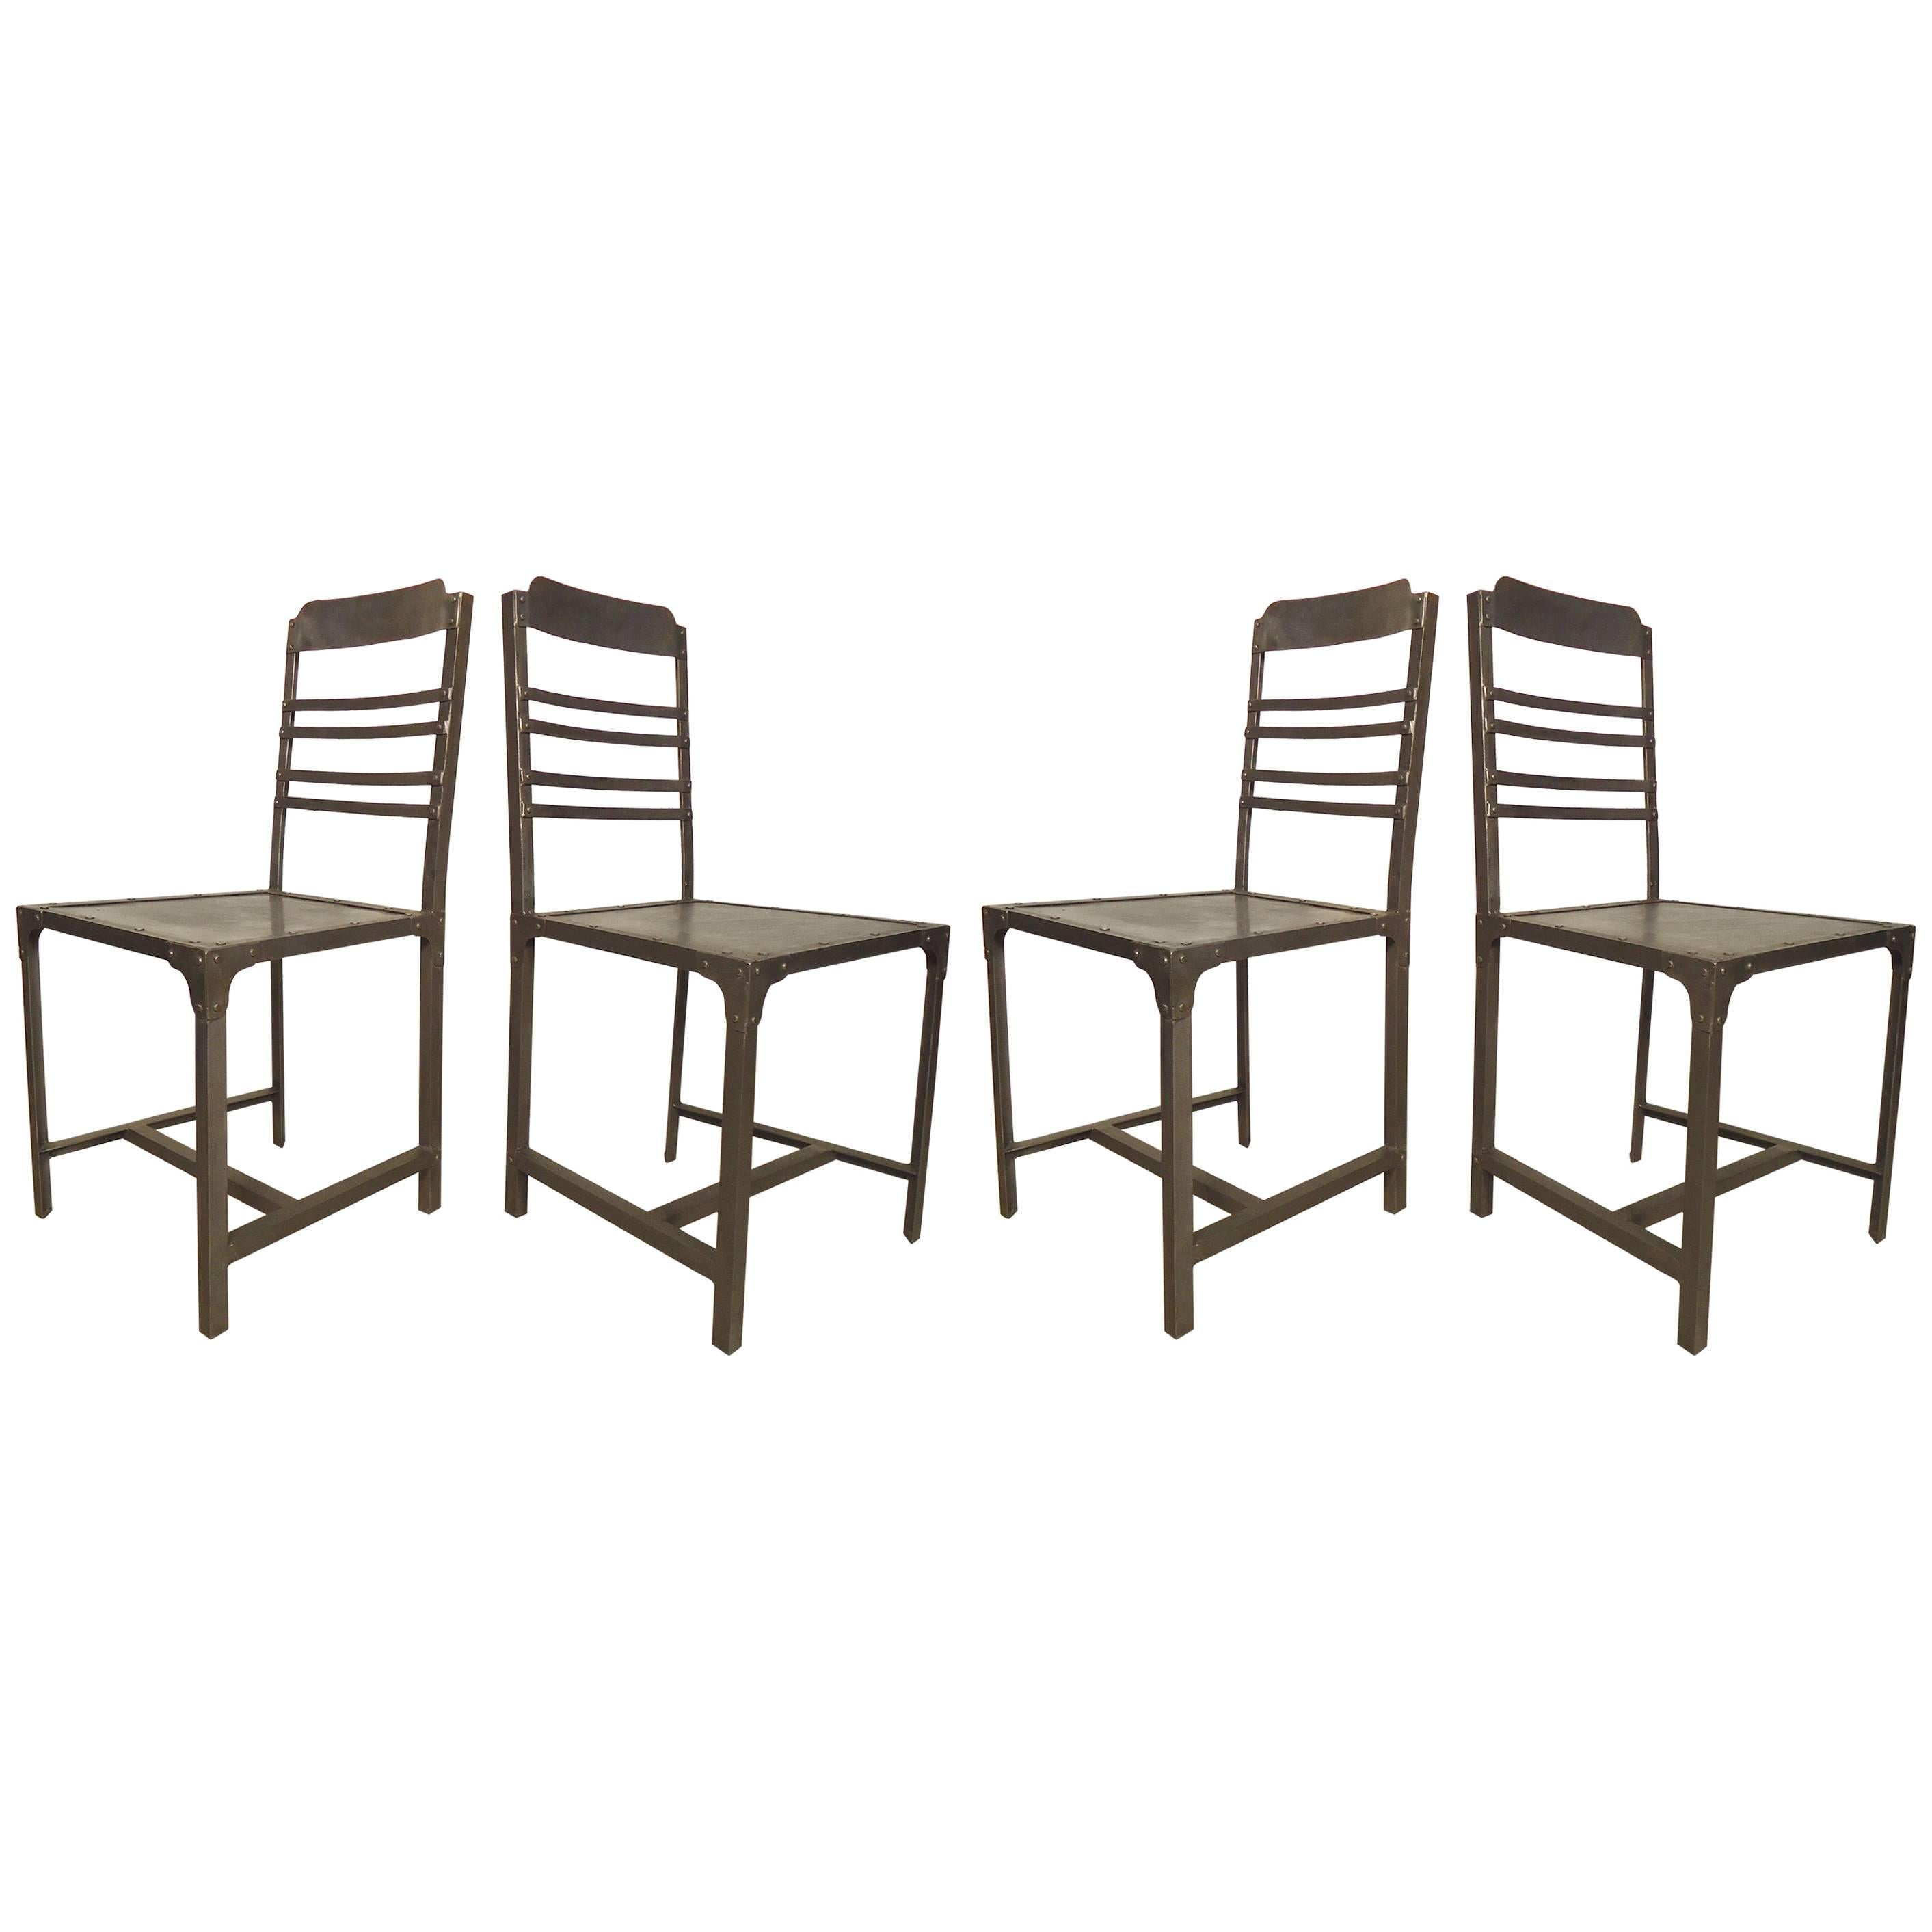 Set of Four Industrial Style Chairs
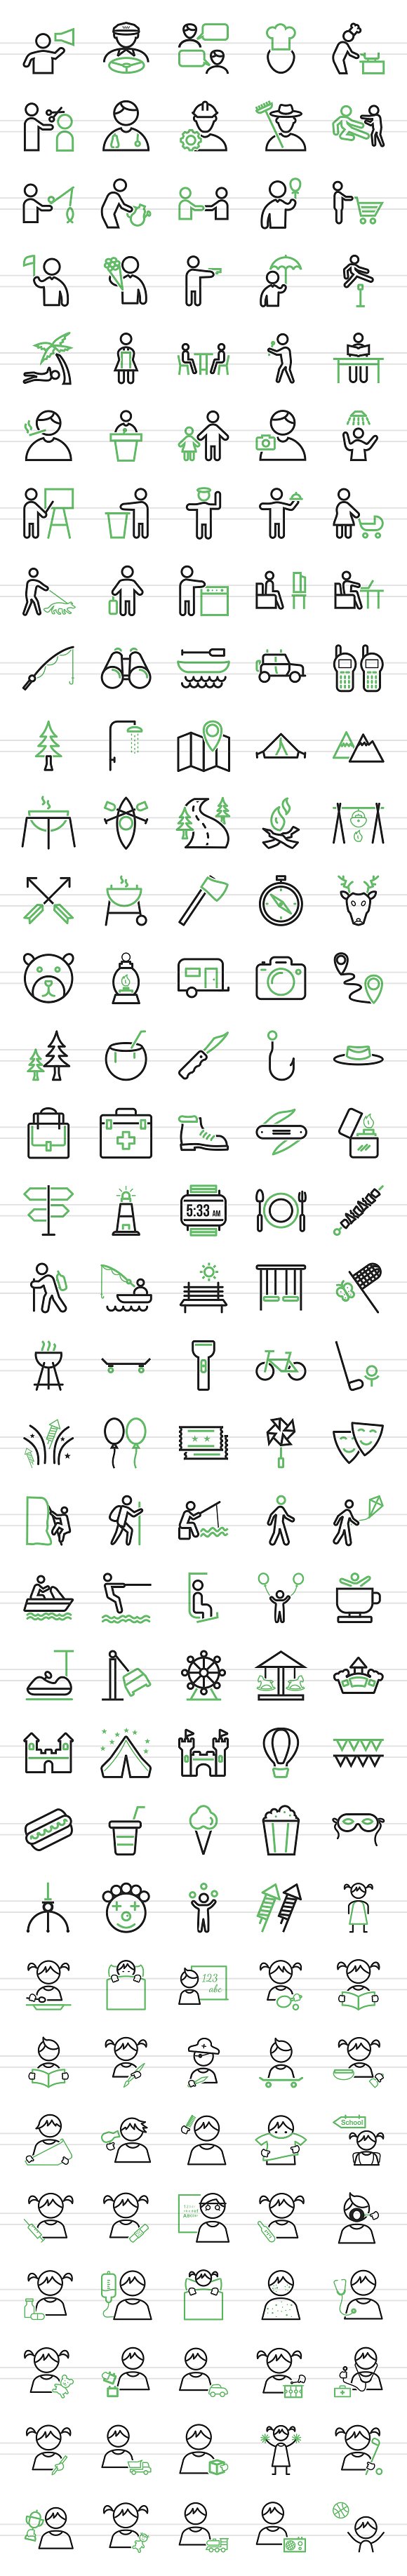 166 Activities Line Icons
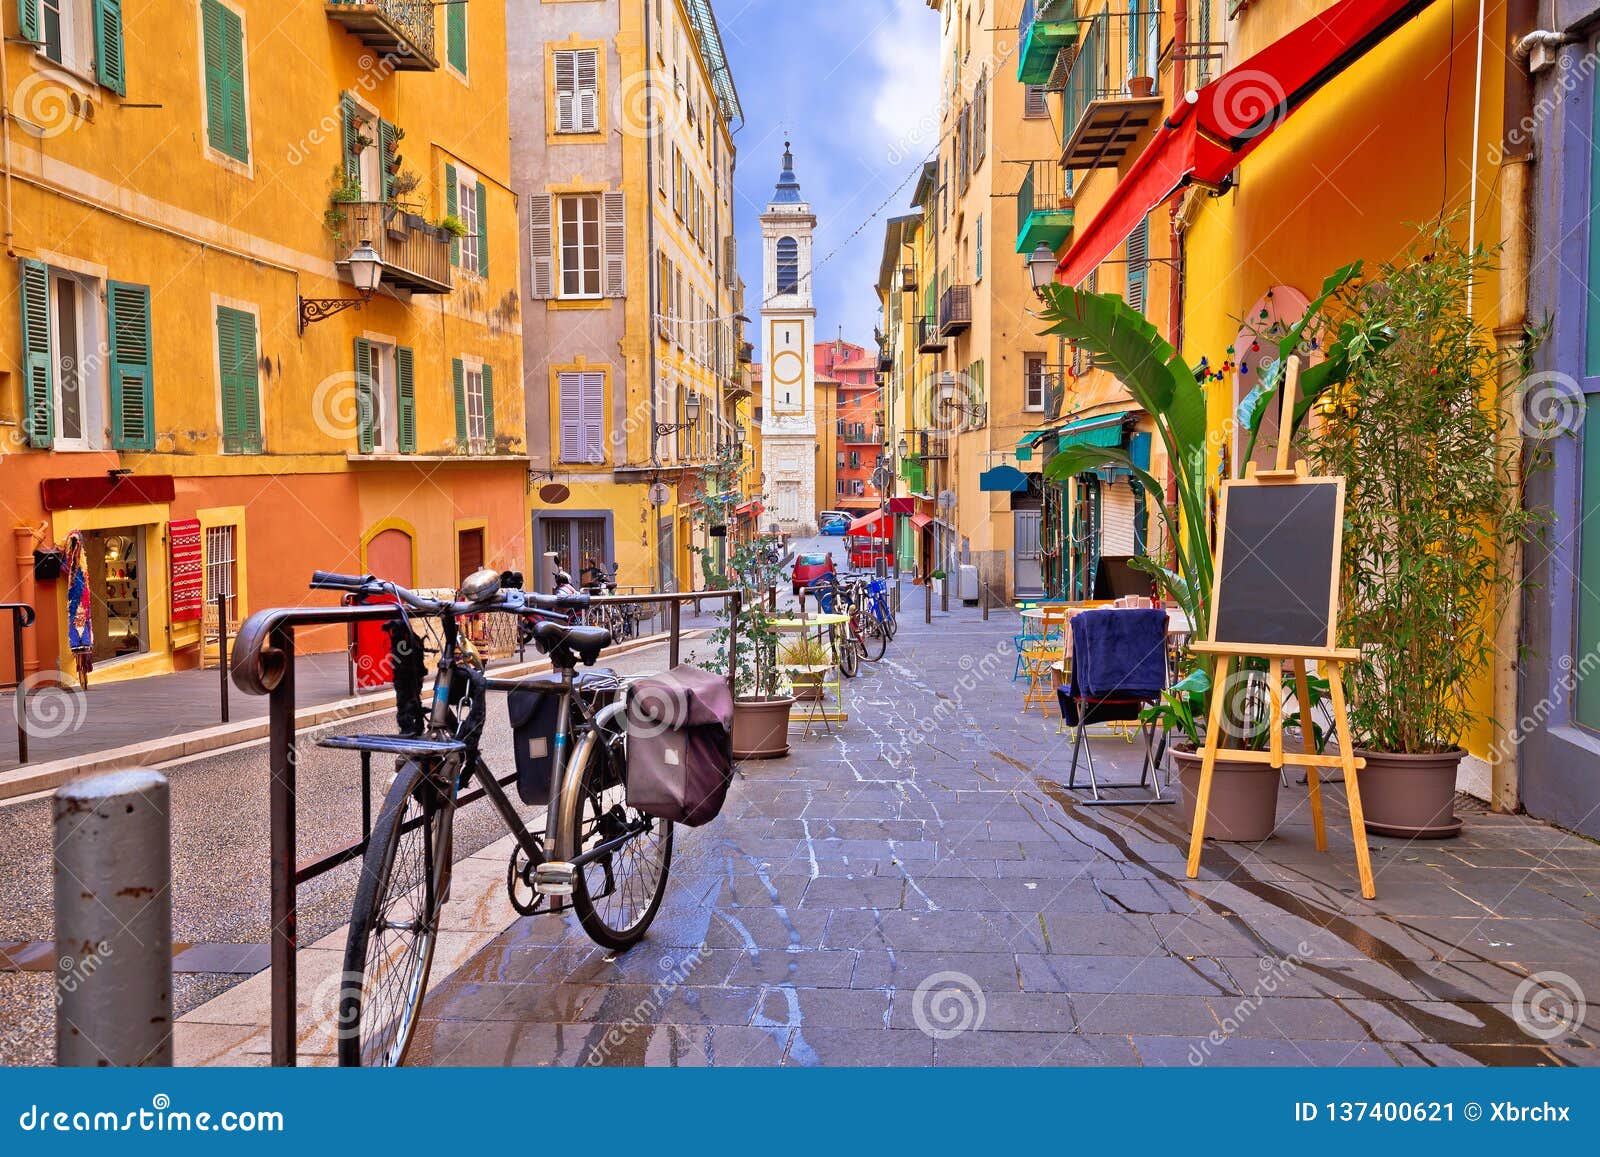 nice colorful street architecture and church view
___
• Exercise prompt:
Output the listing above exactly, excluding all pictures.

• Answer to the problem:
 Set of Four Industrial Style Chairs
 166 Activities Line Icons
 nice colorful street architecture and church view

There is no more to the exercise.